Instructions for the task -
Each line from the one holding "Потолочный светильник Eglo" to the last line below must be restated word for word, and no picture may be included.

[[ Dataset excerpt open ]]

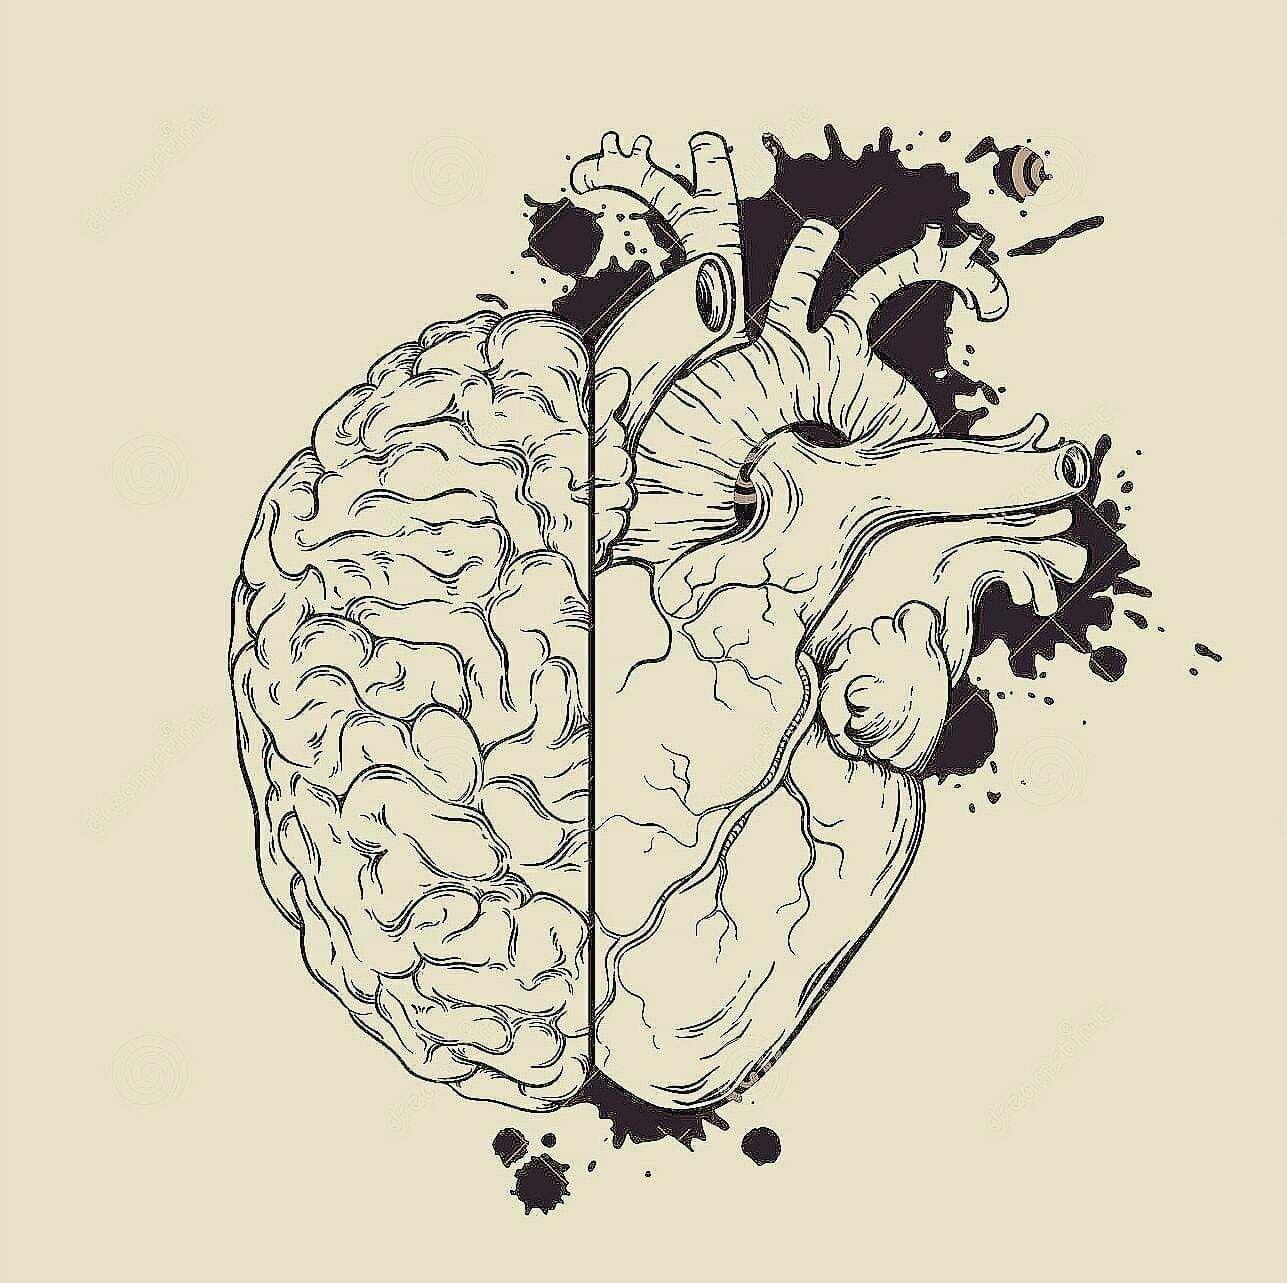 La memoria è una fabbrica che lavora giorno e notte, sarebbe stato  l'incipit. Immagazzina, classifica, riproduce. Inventa. Prende un nome o un  fatto e lo seppellisce chissà dove, un episodio lo costruisce di sana pianta,  magari appoggiandosi a qualcosa che è successo davvero, per cui non di rado  i ricordi inventati risultano piú vividi e credibili di quelli reali, che si  presentano monchi, o con la messa a fuoco difettosa. La memoria,spesso, è  una dannazione.Tira fuori episodi imbar #magariungiorno
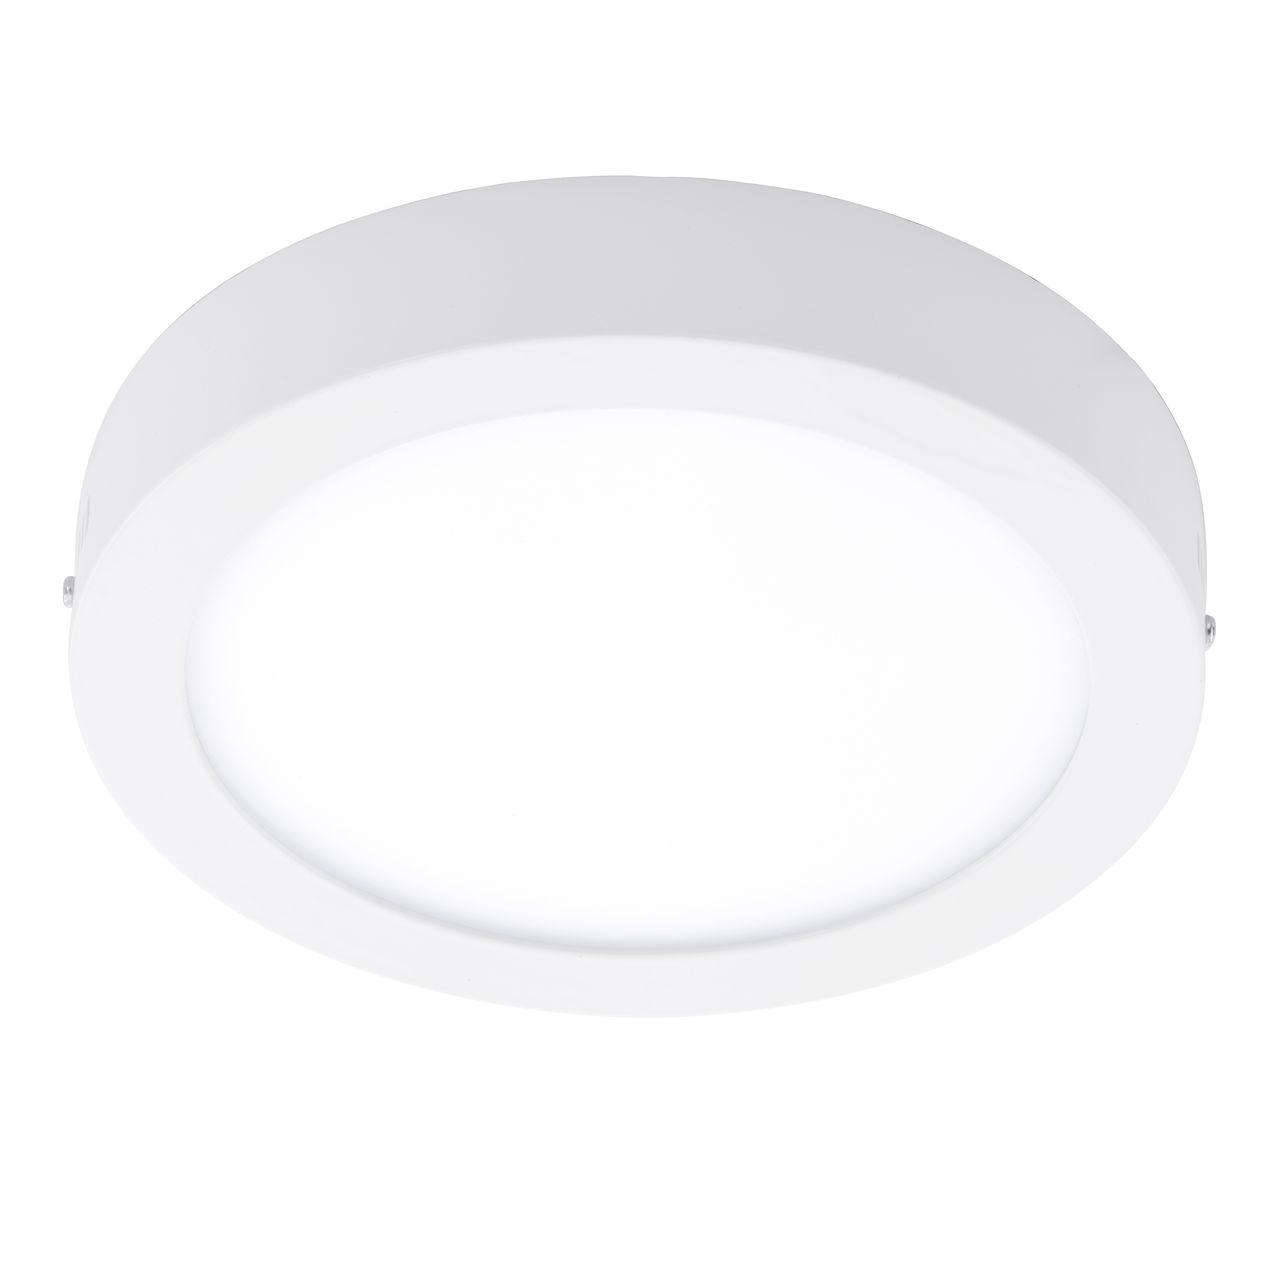 Потолочный светильник Eglo 94076, белый светильник потолочный eglo canuma 97038
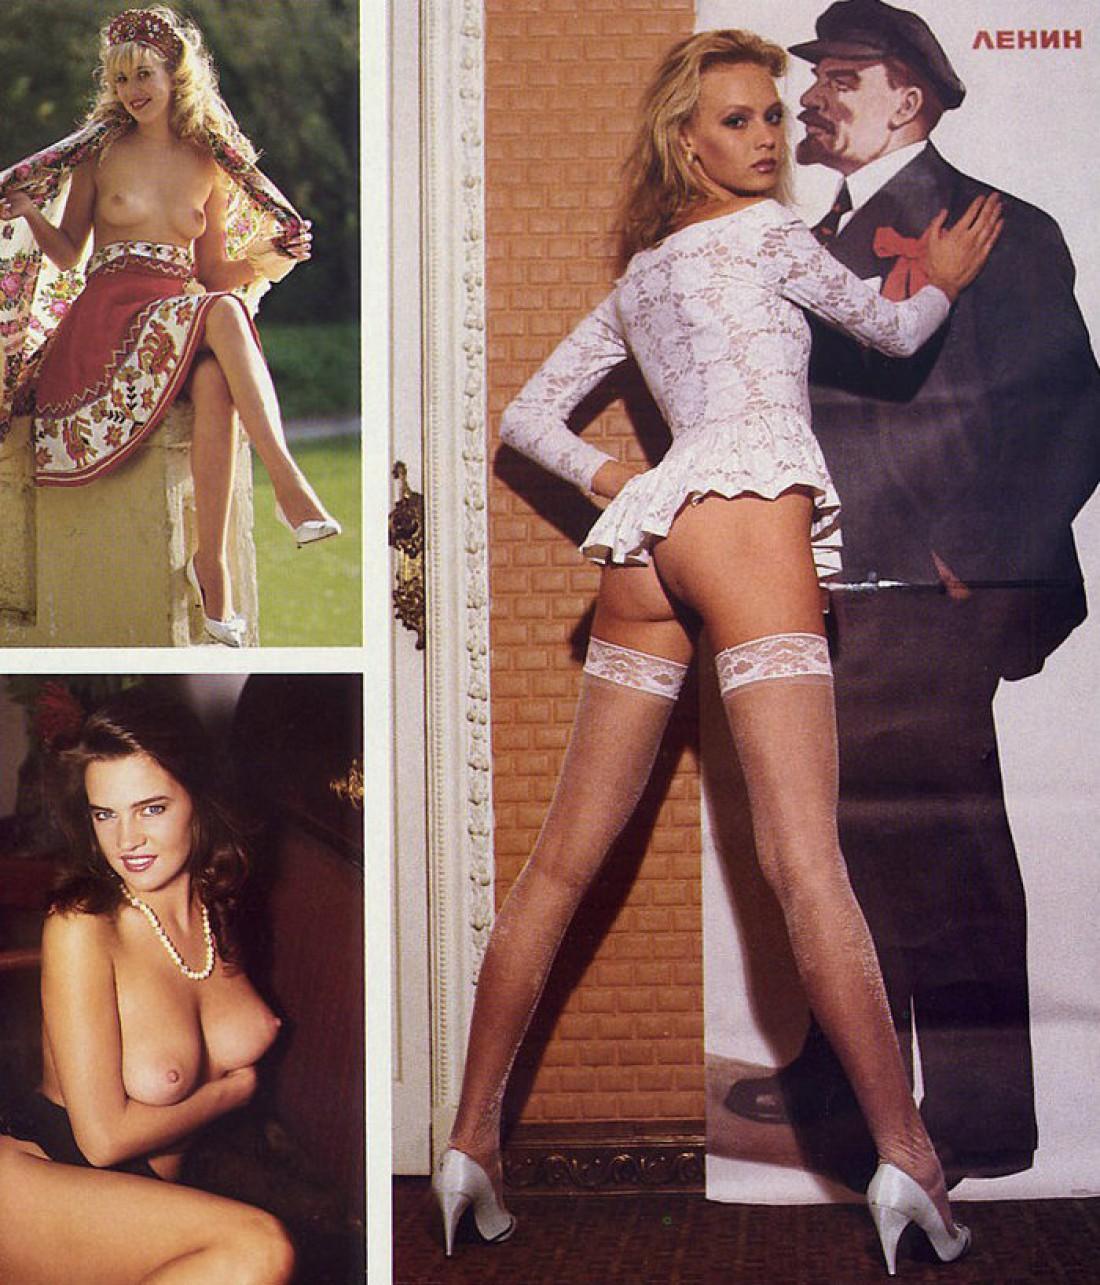 foto-iz-eroticheskih-zhurnalov

[[ Dataset excerpt closed ]]

Answer -
 Потолочный светильник Eglo 94076, белый светильник потолочный eglo canuma 97038
 foto-iz-eroticheskih-zhurnalov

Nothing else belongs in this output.